# Manual Jackplate Options



## junkin35 (Nov 20, 2011)

I can't attest to the Vance, but I've had a Hydro-Dynamics manually adjustable 4" setback plate for about 15 years. It uses a combination of alum/stainless/brass for hardware and the combo has been very resistant to corrosion and binding. I love it.


----------



## Guest (Feb 9, 2012)

X 2. My manual TSG plate also uses all three metals.


----------



## oysterbreath (Jan 13, 2009)

Thanks for the replies fellas!


----------



## ducktrooper (May 6, 2008)

I really like the Bobs Mini Jack...adjustable 4-6" of set back and up to 5" of lift.


----------



## oysterbreath (Jan 13, 2009)

I THINK I might order the Vance 3" set back manual jack plate with-in the next couple of weeks. Seems like it is the way to go for my needs.
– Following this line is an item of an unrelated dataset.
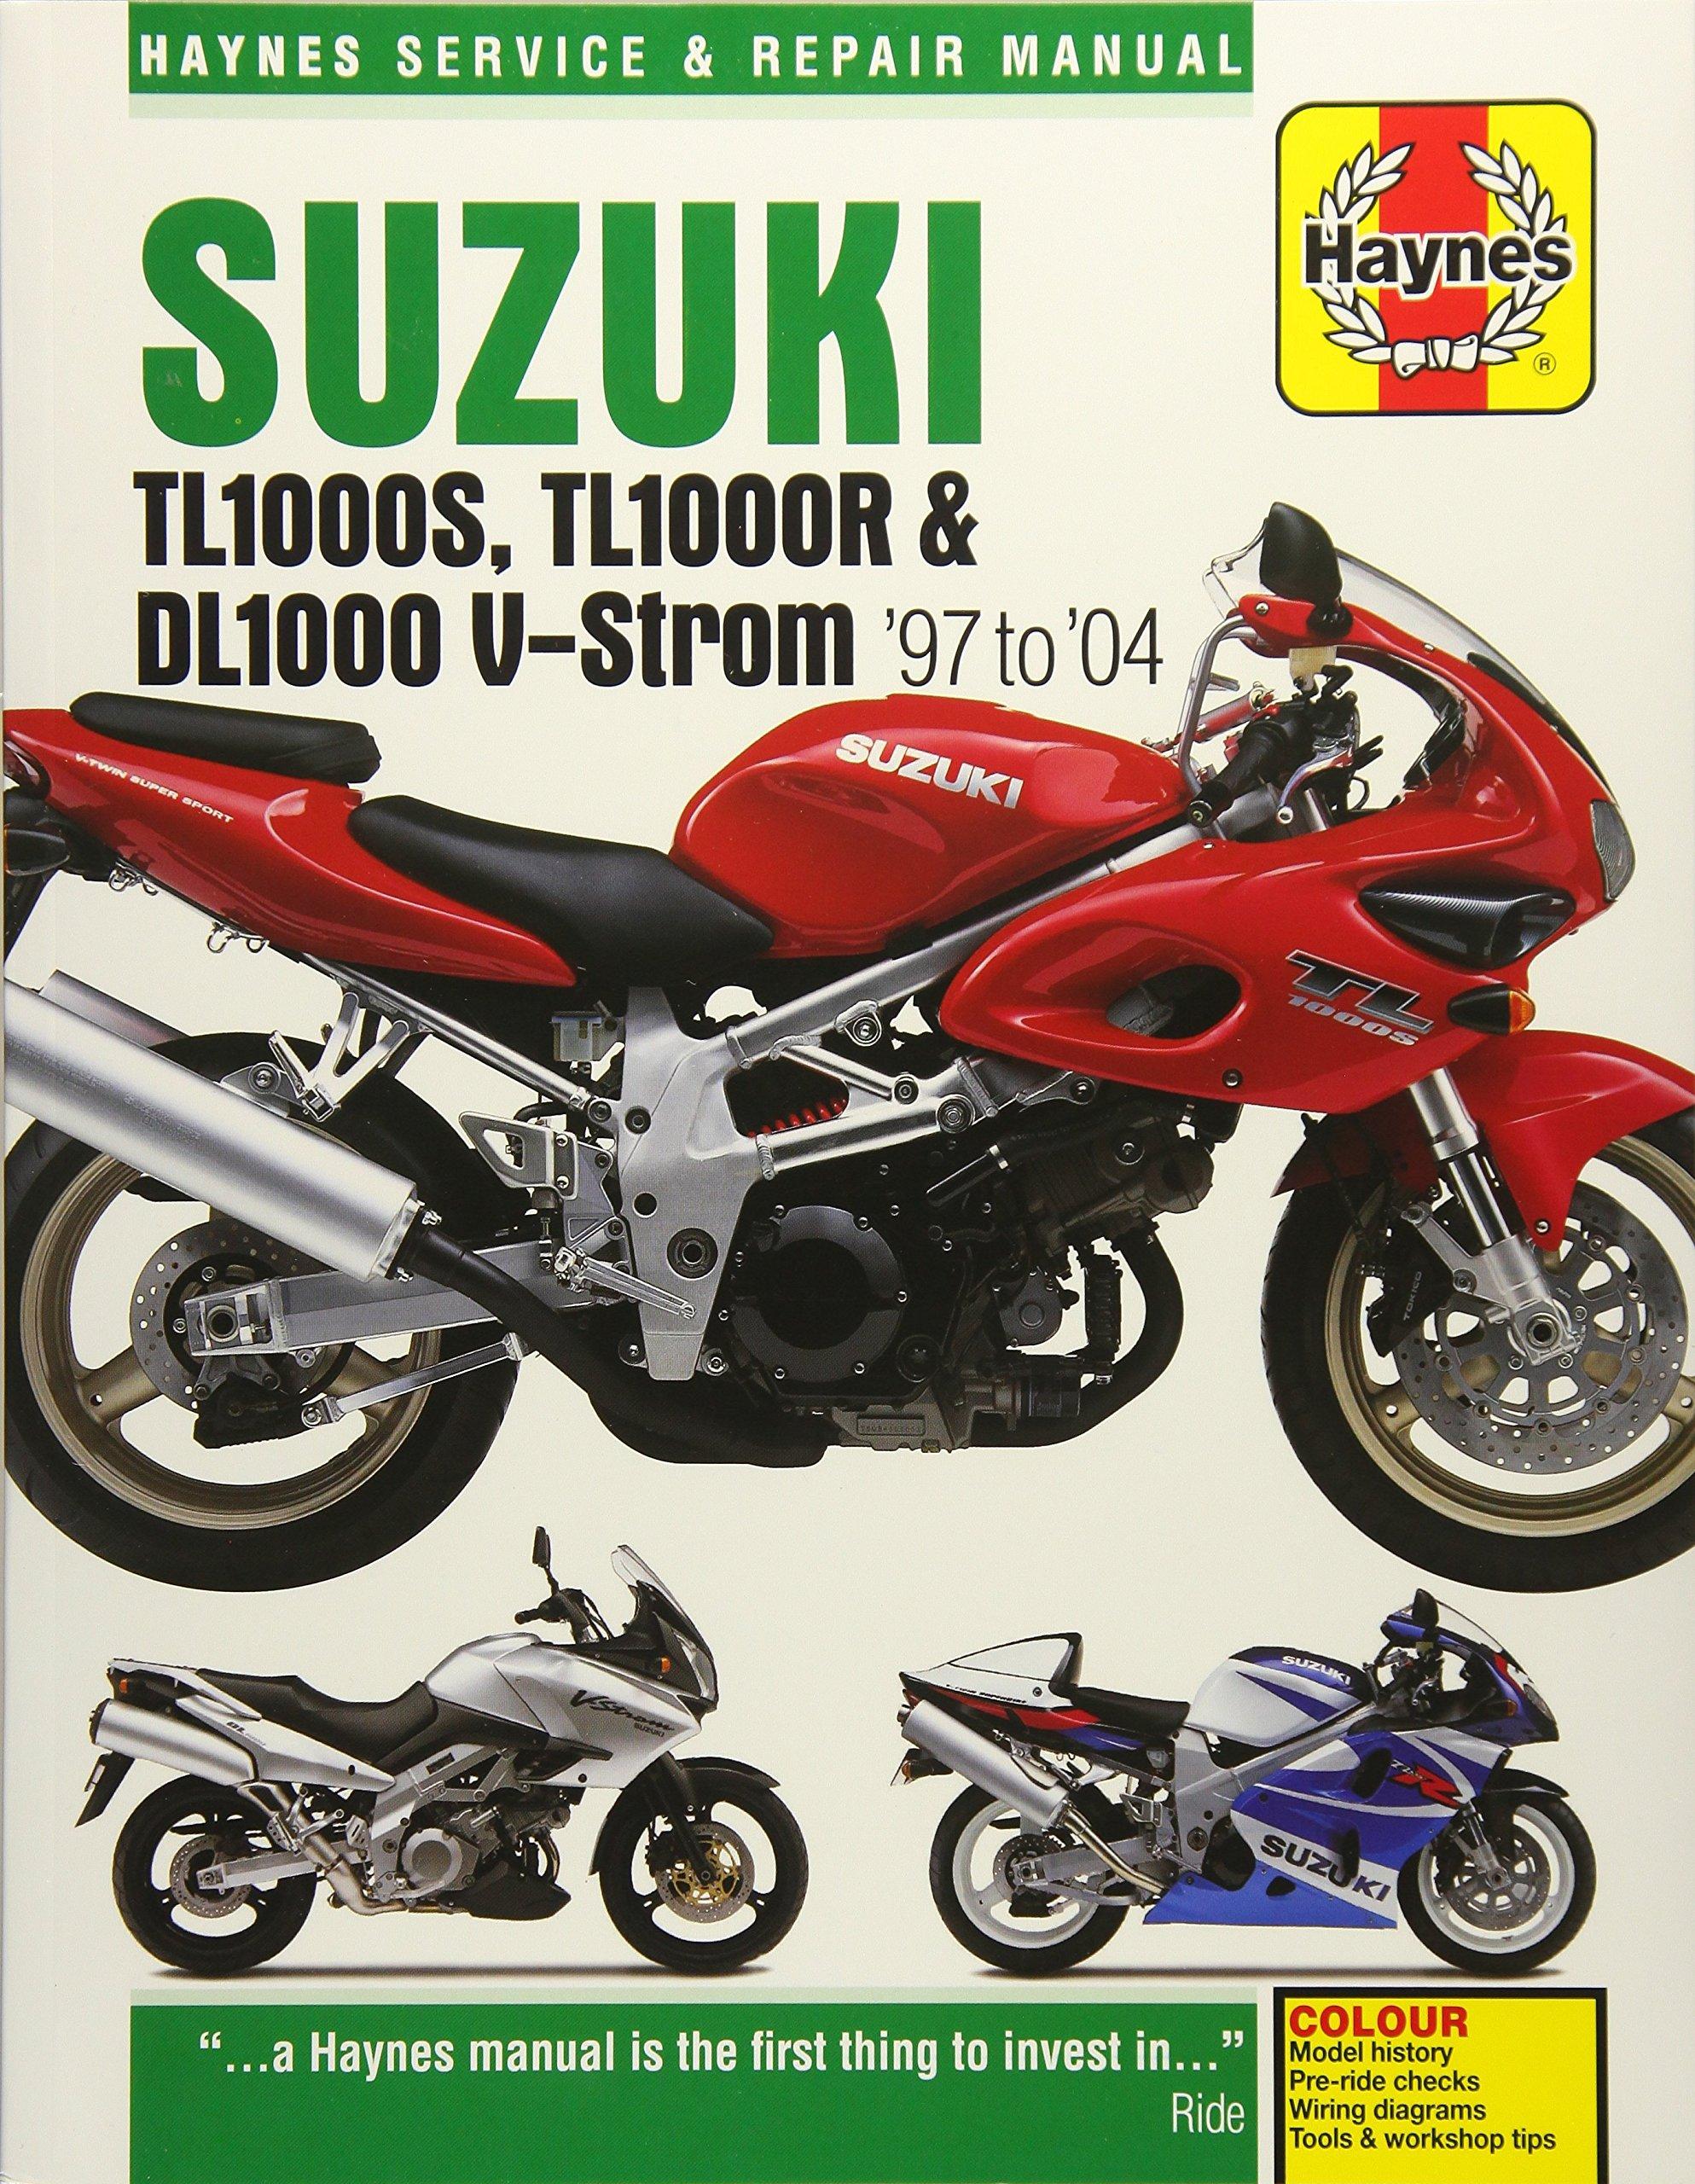 Suzuki TL1000S, TL1000R & DL1000 V-Strom '97 to '04 (Haynes Service &  Repair Manual): Matthew Coombs: 9781785213120: Amazon.com: Books

Thanks to everyone who replied!


----------



## ducktrooper (May 6, 2008)

How much are they?


----------



## oysterbreath (Jan 13, 2009)

> How much are they?


173 for the unit and an extra 30 if you want the mounting plates for the inside of the transome.


----------



## marshman (Feb 9, 2007)

be careful..

ive used a vance manual on a 15 inch transom...it wasnt pretty..well, the 2 lil rooter tails were kinda cute..

that jack will hang down almost to the bottom of a short shaft transom..


----------